The FTC also noted some of the data brokers profiled store all data collected indefinitely, even if it is later updated, unless otherwise prohibited by contract. Although stored data may be useful for future business purposes, it offers a tempting treat for identity thieves.

Concerned by these findings, the FTC called for the U.S. Congress to enact legislation that would enable consumers to learn of the existence and activities of data brokers and provide consumers with reasonable access to information (including sensitive data) about them held by these entities (and allow for opt out to avoid sharing such data for marketing purposes).

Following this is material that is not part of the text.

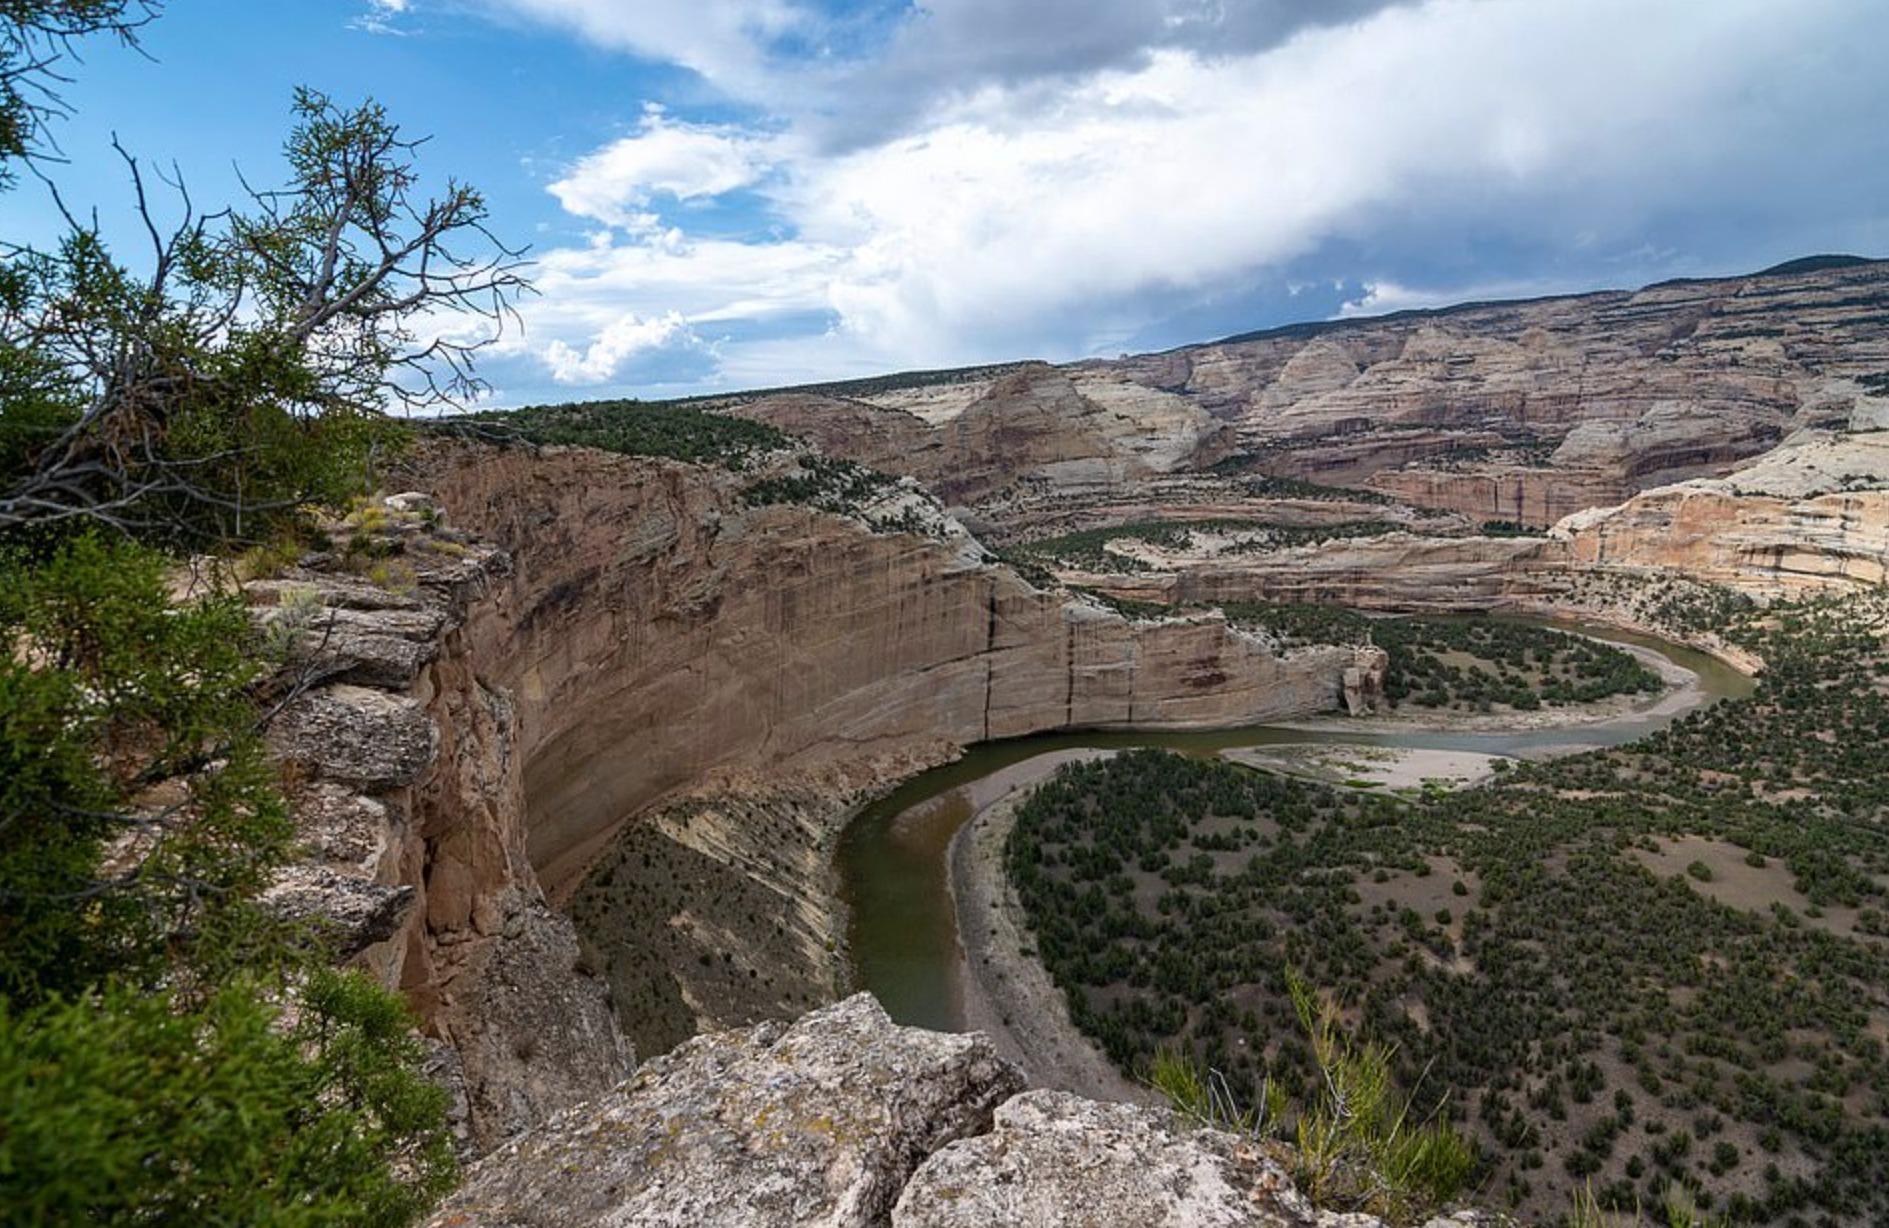 Michael Wayne Sexson ถูกพบเสียชีวิตในส่วนที่ห่างไกลของอนุสาวรีย์แห่งชาติไดโนเสาร์ของโคโลราโดเพื่อค้นหาสมบัติของ Fenn

The FTC also proposed the creation of a centralized mechanism, such as an Internet portal, where data brokers can identify themselves, describe their information collection and use practices, and provide links to access tools and opt outs.

Data brokers should also clearly disclose to consumers (e.g., on their web sites) that they not only use the raw data they obtain from their sources (such as a person’s name, address, age, and income range), but they also derive from the data certain data elements, and these categories should be clearly identified. Data brokers should also be required to disclose the names and/or categories of their sources of data, so consumers are better able to determine if, for example, they need to correct their data with an original public record source.

Finally, the FTC advocated that Congress should require consumer-facing companies to provide a prominent notice to consumers that they share consumer data with data brokers and allow consumers to opt out of sharing their information with data brokers. In the meantime, the FTC urged data brokers to practise “privacy by design” and reasonable precautions to ensure downstream users of their data do not use it for unlawful discriminatory purposes.

So where do we stand in Canada? At the recent meet and greet with the new federal Privacy Commissioner Daniel Therrien in Toronto earlier this month, the assembly of in-house lawyers, privacy officers, and outside privacy practitioners unanimously requested additional guidance from the OPC regarding big data practices, from both sides of the table. This request was duly noted and given all of the pressing matters on the OPC’s plate (Bills C-13 and S-4, just to name a few), I fear we will have a long wait on this urgent matter.


Bonus CASL update

Last week I called the CRTC at the behest of a client on a no-names basis in order to seek additional CASL guidance regarding the “in-mail” features of LinkedIn. After waiting patiently for the CRTC to call me back, I asked my questions to our regulator and received the following response: “What is LinkedIn?” After explaining the concept to the representative, the young lady pointed me to a (utterly generic) section of their CASL sub site and told me to consult a lawyer if I had further questions.

True story. I couldn’t make this one up if I tried.